The initial tube-like shape of the vertebrate brain primordium is generated when the flat neural plate folds to form the neural tube. An essential step in this process, termed neurulation, is formation of dorsolateral hinge points (DLHPs). While higher vertebrate DLHP formation is well established, we were the first to show that DLHPs are also formed in teleosts. We showed that the zebrafish zic2a expression pattern predicts the location of future DLHPs (Nyholm et al., 2007) and that zic2a function is required for DLHP formation through regulation of apical actomyosin contraction and of apical junction integrity (Nyholm et al., 2009). Our studies revealed a level of deep conservation of neurulation mechanisms operating in higher and lower vertebrates, since actomyosin contraction is required for DLHP formation in higher vertebrates.
Brain ventricle formation, another key aspect of neural tube morphogenesis, depends on ciliary motility. To interrogate the underlying genetic mechanisms, which are poorly understood, we have targeted two genes with CRISPR-mediated mutagenesis. Our first gene of interest, rsph9, encodes a structural component of ciliary radial spokes found in motile cilia and is causally linked to occurrence of primary ciliary dyskinesia (PCD) in humans. Using CRISPR-generated mutant alleles of rsph9, we demonstrated that Rsph9 protein is required for structural integrity and function of motile cilia in the developing zebrafish brain primordium. Remarkably, structural deficits in zebrafish rsph9 mutants closely resemble those in respiratory epithelia of human PCD patients, suggesting utility of zebrafish for PCD modeling (Sedykh et al., 2016).
Our second gene of interest, rfx4, is a member of a conserved transcription factor gene family with critical roles in ciliogenesis. Analysis of CRISPR-induced rfx4 mutant zebrafish has identified requirements for Rfx4 function in both the ventral (floor plate) and dorsal (roof plate) midlines of the brain primordium. Rfx4 function is required to activate transcription of zic2a and zic2b, among others. Notably, our analysis suggests that Rfx4 does not play a significant role in primary ciliogenesis (Sedykh et al., submitted).

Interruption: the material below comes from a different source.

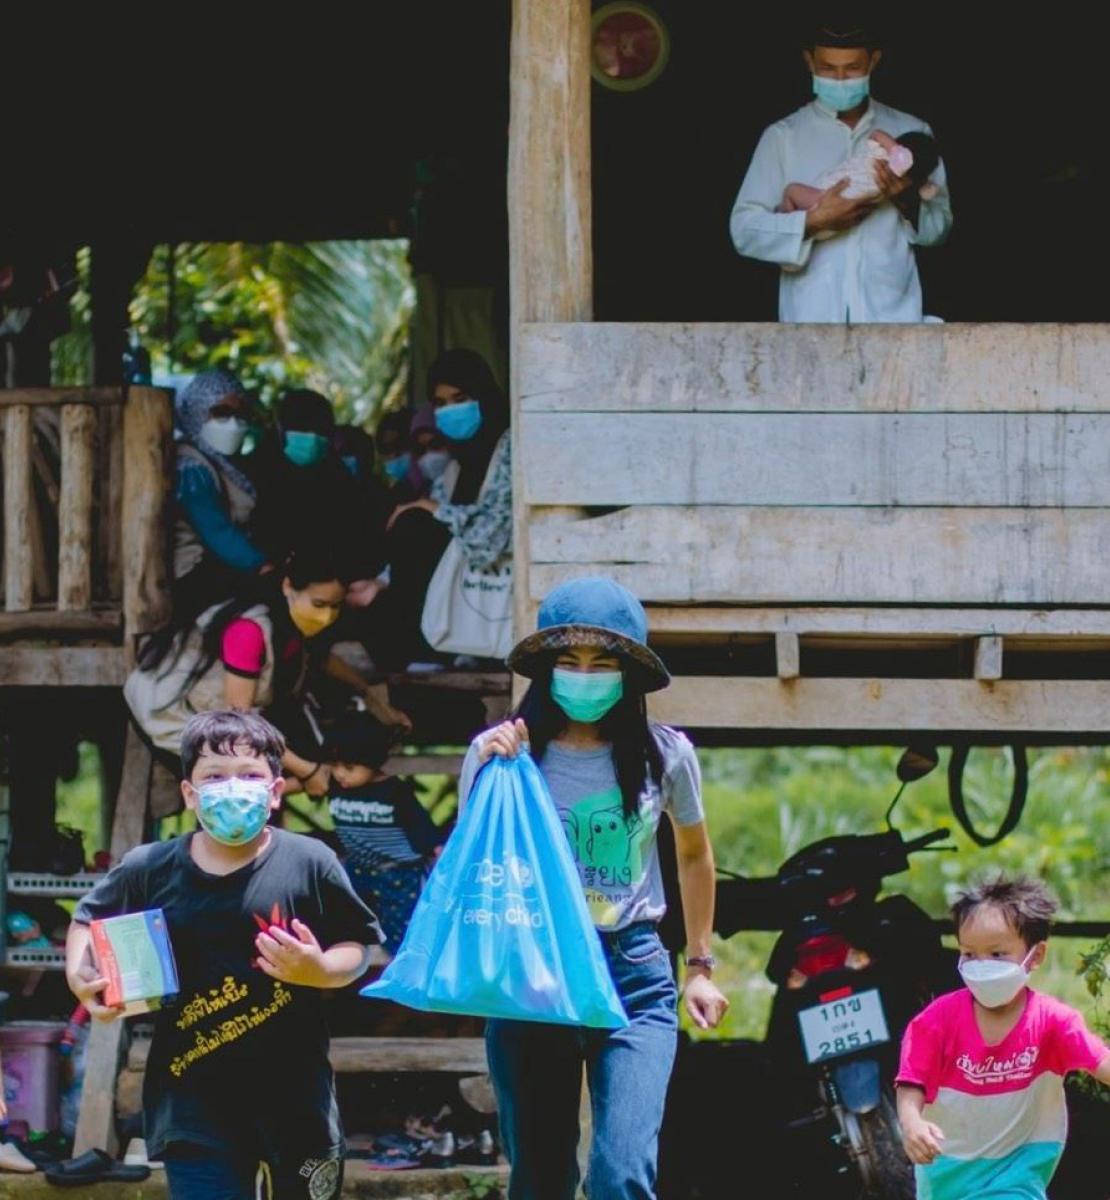 عائلات وأطفال يرتدون الكمامات خارج المنزل: خمسة أطفال يخرجون من المنزل متجهين نحو الكاميرا حاملين المساعدات التي قدمتها اليونيسف.

Zic2, a transcription factor gene essential for normal development of the human forebrain, has two homologs in zebrafish, zic2a and zic2b. We have shown that zic2a and zic2b are required for forebrain development in zebrafish (Sanek and Grinblat, 2008; Sedykh et al., 2017). Using zebrafish as a model organism, we have gained important novel insights into the mechanism of zic2 function the developing forebrain.
We identified a novel negative feedback loop that modulates activity of an essential signaling pathway (Hh) and showed that zic2a function is required for this loop to operate properly (Sanek et al. 2009). We also uncovered a novel role for the Zic2/Hh interaction during retinal morphogenesis (Sanek et al., 2009; Sedykh et al., 2017) and identified roles for zic2a and zic2b in craniofacial skeleton development (TeSlaa et al., 2013; Sedykh et al., 2017). RNAseq-based transcriptome analysis of Zic2 mutant zebrafish has generated a set of candidate transcriptional targets of Zic2; functional analysis of these targets is our current focus.
Ultimately, this work will aid in understanding the complex etiology of birth defects that affect human craniofacial complex development: holoprosencephaly, coloboma and frontonasal dysplasia.